Because A. armata fragments with barbs can attach naturally to ropes, there is the potential to utilise that strategy in aquaculture. The fragments of many currently cultivated red algae (Chondracanthus, Euchema, Kappaphycus, Gracilaria spp.) do not have natural morphological structures that allow attachment to substrata and hence require labour intensive manual attachment methods for sea-based cultivation. The oldest and simplest methods involve manually attaching small fragments to lines using a tie or inserting them between strands of twine or mesh (Bulboa et al. 2005; Hayashi et al. 2010, 2017) which are then hung in the water column where the fragments regrow and are harvested later. Other methods include where small fragments are placed inside baskets or nets for later harvest (Azanza and Ask 2017). Because some red algal fragments develop secondary attachment structures such as rhizoids or discs post-fragmentation (Pacheco-Ruíz et al. 2005; Bulboa et al. 2013) this life-history strategy may also be used in cultivation. For example, Chondracanthus fragments produce secondary discs that attach to mesh in a hatchery which can then be outplanted (Bulboa et al. 2013; Macchiavello et al. 2018). It is likely that an effective natural attachment mechanism in A. armata will be advantageous in a hatchery situation as attachment of fragments would be less labour intensive.

The finding that barbs on their own did not regrow has implications for A. armata aquaculture. Previous sea-based cultivation of gametophytes in France focused on isolation of barbs only for seeding onto ropes (Seguin et al. 1995; Moigne 1998) but in Tasmania, fragments for seeding need to contain both barb and frond tissue. Given barbs occur every 3–4 cm along branches, fragments for seeding need to be at least ~ 5 cm long to maximise the likelihood of fragments having both barbs and fronds.

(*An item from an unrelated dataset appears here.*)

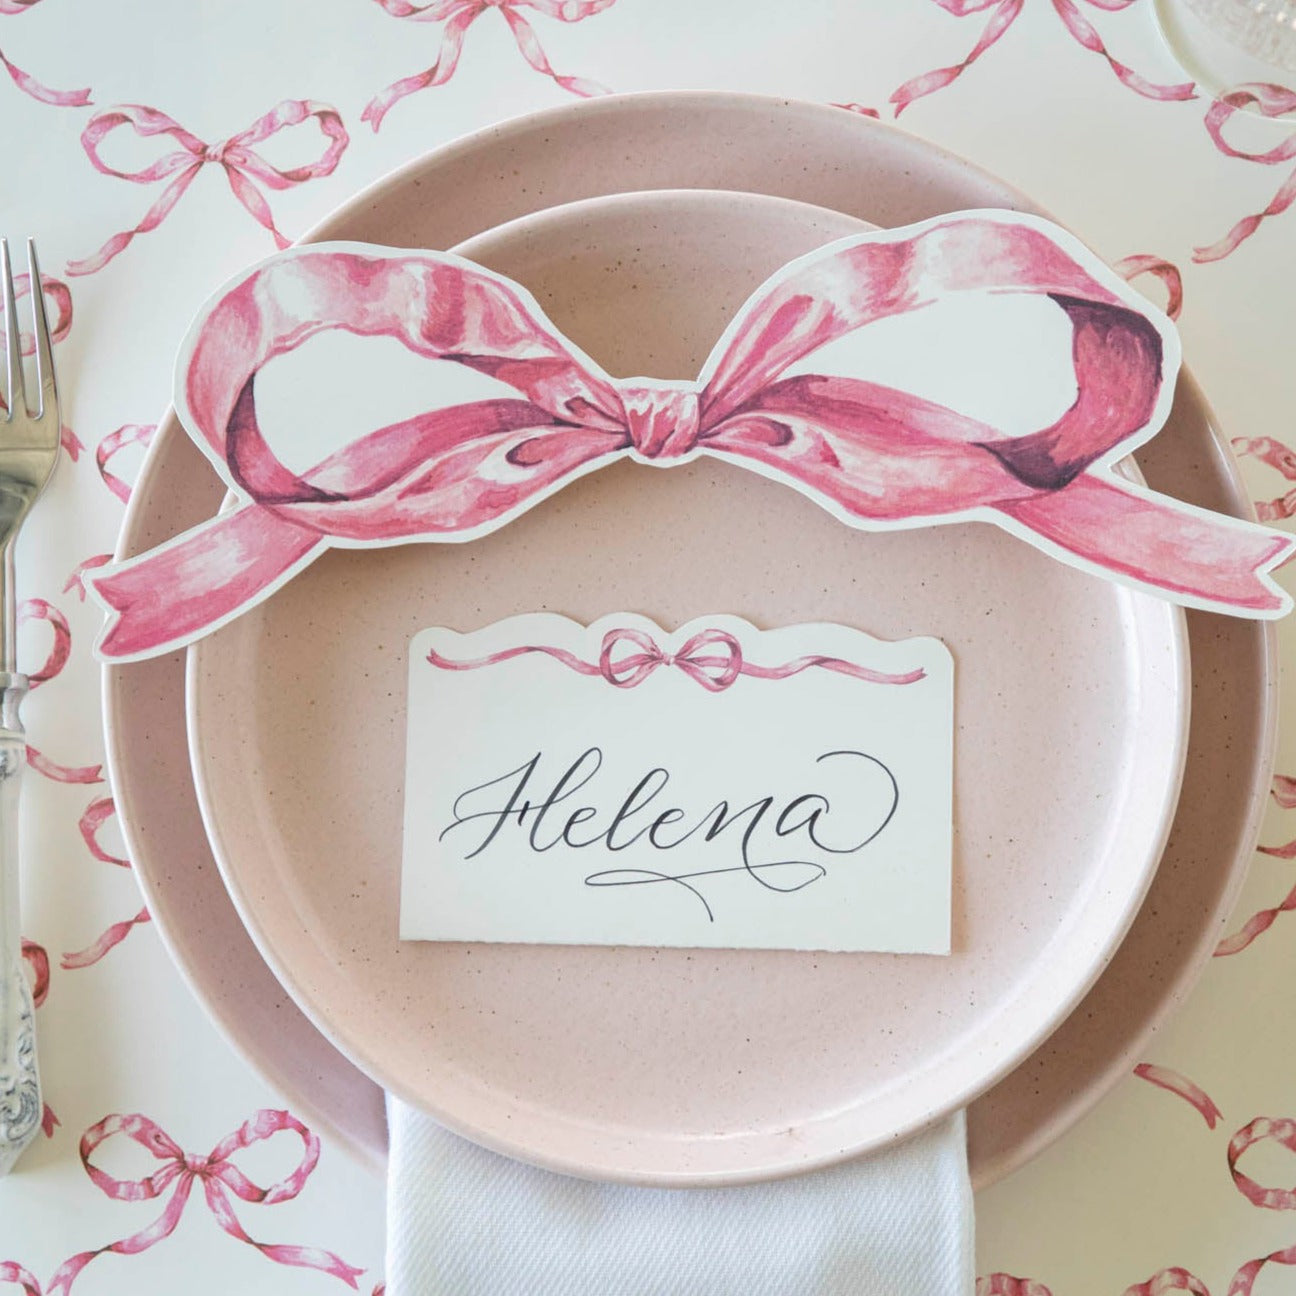 An elegant place setting featuring a Pink Bow Table Accent resting on the plate with a name card.

Although A. armata fragments that contain both a barb and a frond could provide an effective strategy for sea-based cultivation, the type of substratum they are attached to is also important. Attachment rates of fragments to mussel rope was approximately double that of the other potential substrata tested. The ‘hairy’ structure of the rope presumably provides a structure that barbs readily hook onto. However, maximising the attachment strength of A. armata fragments once attached to lines is also likely to be critical. We found attachment strength of single barbs was relatively weak and did not increase over two weeks in the lab. This contrasts to fragments of Caulerpa filiformis for which attachment strength to plastic mesh increased over time (Khou et al. 2007). That study also indicated that attachment strength increased with the number of rhizoids per fragment. Given barbs occur every 3–4 cm on thalli, multiple barbs per fragment are likely to provide stronger attachment than a single barb tested here while the longer-term attachment through rhizoidal growth as observed on ropes in cultivation remains to be elucidated.

Conclusion

Fragments containing both a barb for attachment and fronds for growth are required for successful asexual propagation in A. armata gametophytes. The abundance of barbs on thalli and the high rates of attachment to potential cultivation lines highlights this strategy for cultivation is highly achievable and could be automated to be successful at an industrial scale. Nonetheless, cultivating gametophytes from tetraspores released in a hatchery could also be industrialised, as it has for other red algae (Oliveira et al. 2000; Wang et al. 2020). The demand for Asparagopsis is significant (Kelly 2020) and large-scale cultivation of A. armata is required to meet this demand. The farming of Asparagopsis is in its infancy however, the asexual propagation of gametophytes is a readily applied strategy to meet the goal of utilising Asparagopsis as a feed supplement to reduce methane emissions from livestock.